Syria violence, a timeline

Here are some of the main events in the uprising in Syria:

March 15, 2011 – About 40 people join a protest in Old Damascus, chanting political slogans in a brief first challenge to the ruling Baath Party.

March 18 – Security forces kill three protesters in southern Deraa, residents say. They were demanding political freedoms and an end to corruption.

March 22 – Hundreds of people march in Deraa and Nawa demanding freedom in the fifth straight day of demonstrations.

March 24 – President Bashar al-Assad orders the formation of a committee to study scrapping the emergency law in place for the last 48 years.
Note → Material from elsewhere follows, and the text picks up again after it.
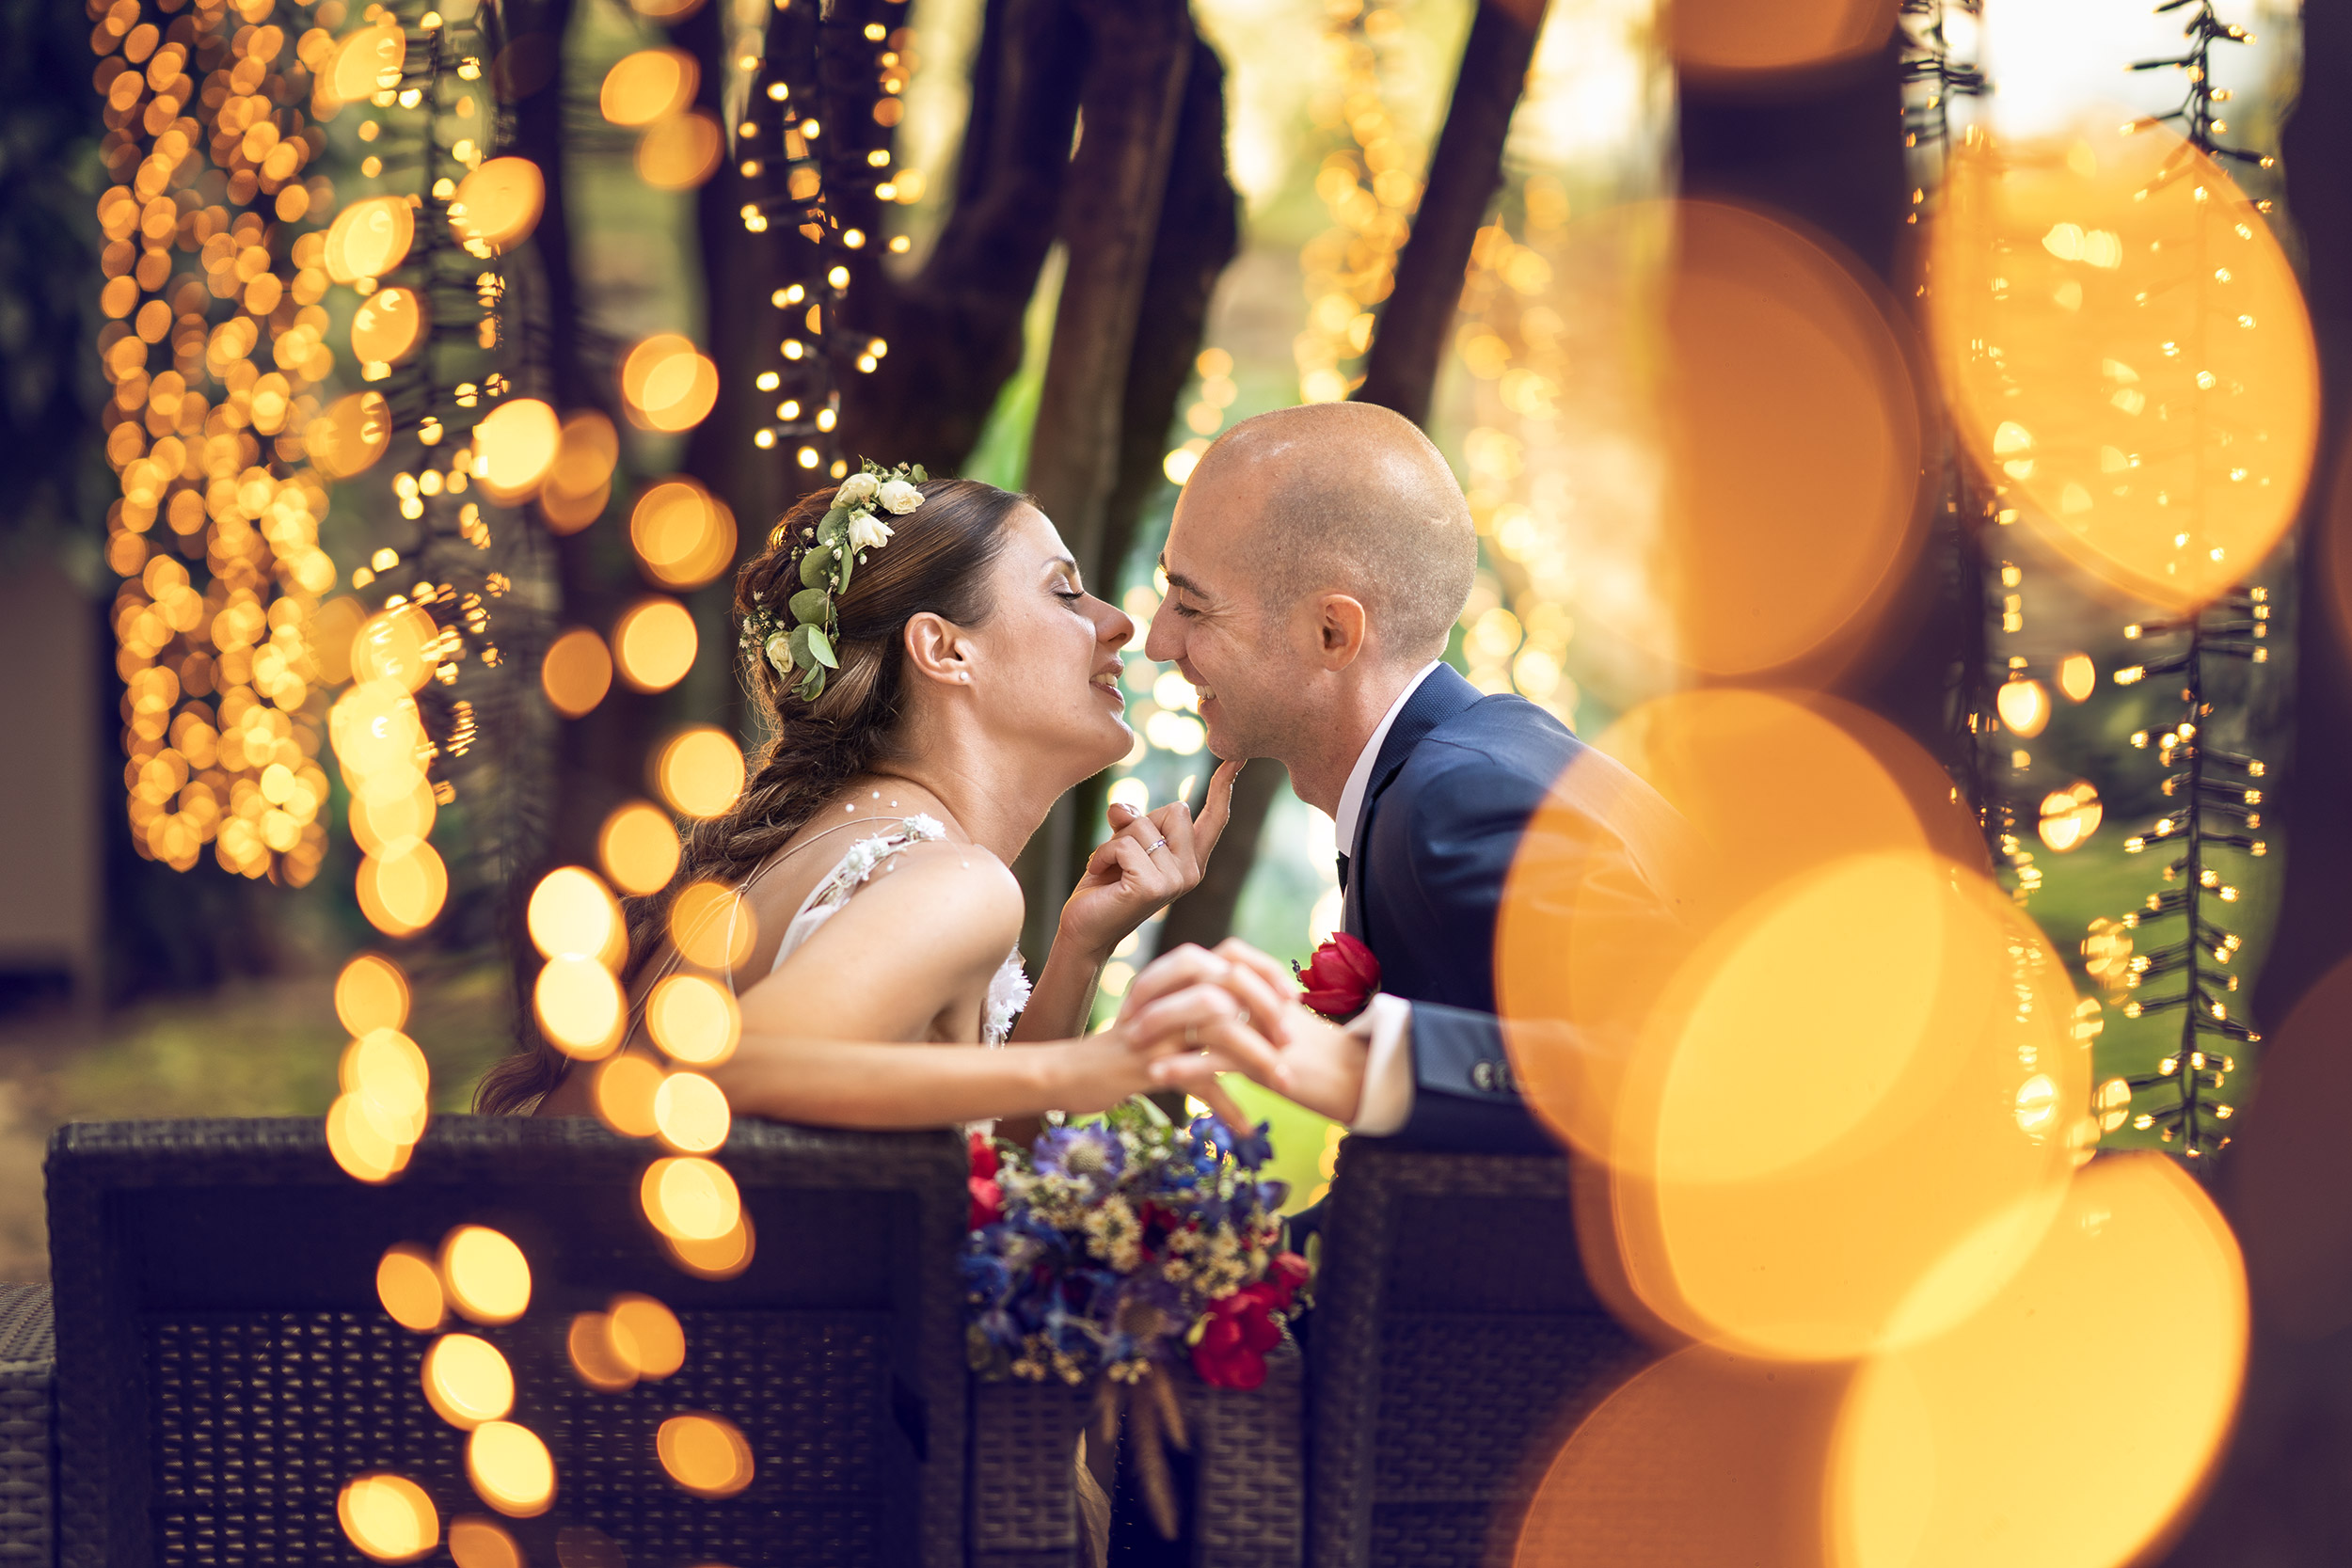 000 reportage sposi foto matrimonio wedding castello marigolda curno bergamo copia 1

The emergency law is lifted on April 19.

March 25 – There are reports of 23 deaths at marches around Syria, including, for the first time, in Damascus.

July 31 – Syrian tanks storm Hama, residents say, after a month-long siege. At least 80 people are killed.

Sept. 15 – Opposition activists announce a Syrian National Council to provide an alternative to the government.

Nov. 12 – The Arab League suspends Syria.

Dec. 19 – Syria signs Arab League peace plan.

Dec. 23 – Two suicide bombs target security buildings in Damascus, killing 44 people. Syria blames al Qaeda. The opposition blames the government.

Feb. 4, 2012 – Russia and China veto a resolution in U.N. Security Council, backed by Arab League, calling for Assad to step down. The General Assembly approves a resolution on Feb. 16 endorsing the Arab League plan calling for Assad to step aside.

Feb. 22 – More than 80 people are killed in Homs including two foreign journalists. Hundreds of people have been killed in daily bombardments of the city by Assad's forces.

Feb. 23 – Former U.N. Secretary-General Kofi Annan is appointed United Nations-Arab League envoy to Syria.

Feb. 24 – Foreign ministers from more than 50 countries meet in Tunis for the inaugural "Friends of Syria" meeting. Russia and China, allies of Syria, do not attend.

Feb. 28 – Assad decrees that a new constitution is in force after officials say nearly 90 percent of voters endorsed it in a Feb. 26 referendum. Opponents and the West dismiss it as a sham.

March 1 – Syrian rebels pull out of the besieged Baba Amr district of Homs after more than three weeks of bombardment.

March 27 – Syria accepts the U.N.-sponsored peace plan.

April 12 – U.N.-backed ceasefire comes into effect. Four days later monitors start to monitor the ceasefire in Syria.

May 7 – Syria says voters turned out in large numbers for a parliamentary election which the opposition denounces as a sham.

May 10 – Annan condemns attacks in Damascus in which two bomb blasts kill 55 people. A week later, U.N. Secretary-General Ban Ki-moon says he believes al Qaeda was responsible. He also says 10,000 people have now been killed.

May 25 – At least 108 people are killed, including many children, in attacks in the region of Houla.

June 3 – In a rare address to parliament, Assad condemns the massacre in Houla.

June 5/6 – Troops and militiamen loyal to Assad are accused of killing at least 78 people at Mazraat al-Qubeir, near Hama.

June 6 – Assad names party stalwart Riyad Hijab to form a new government, signalling no political concessions.

June 12 – The uprising has grown into a full-scale civil war U.N. peacekeeping chief Herve Ladsous says. Four days later the violence forces U.N. observers to suspend operations.

June 22 – Syrian troops shoot down a Turkish warplane. Damascus says it was self-defence, Ankara calls it an "act of aggression".

June 26 – Assad says his country is "at war".

June 30 – World powers agree Syria should have a transitional government but appear at odds over Assad's role.

July 6 – "Friends of Syria" meet in Paris, agree to increase aid to Syrian rebels.

– Brigadier-General Manaf Tlas, who headed a unit of Syria's Republican Guard and was a long-time ally of Assad, defects.

July 11 – Nawaf al-Fares, Syria's ambassador to Iraq, defects and joins the opposition.

July 12 – Activists say about 220 people, mostly civilians, are killed in the Sunni Muslim village of Tremseh in the Hama region. They say pro-Assad militiamen stormed the village after it was bombarded by helicopter gunships and tanks.

July 13 – Annan says he is shocked by the news of "intense fighting, significant casualties and the confirmed use of heavy weaponry" in Tremseh.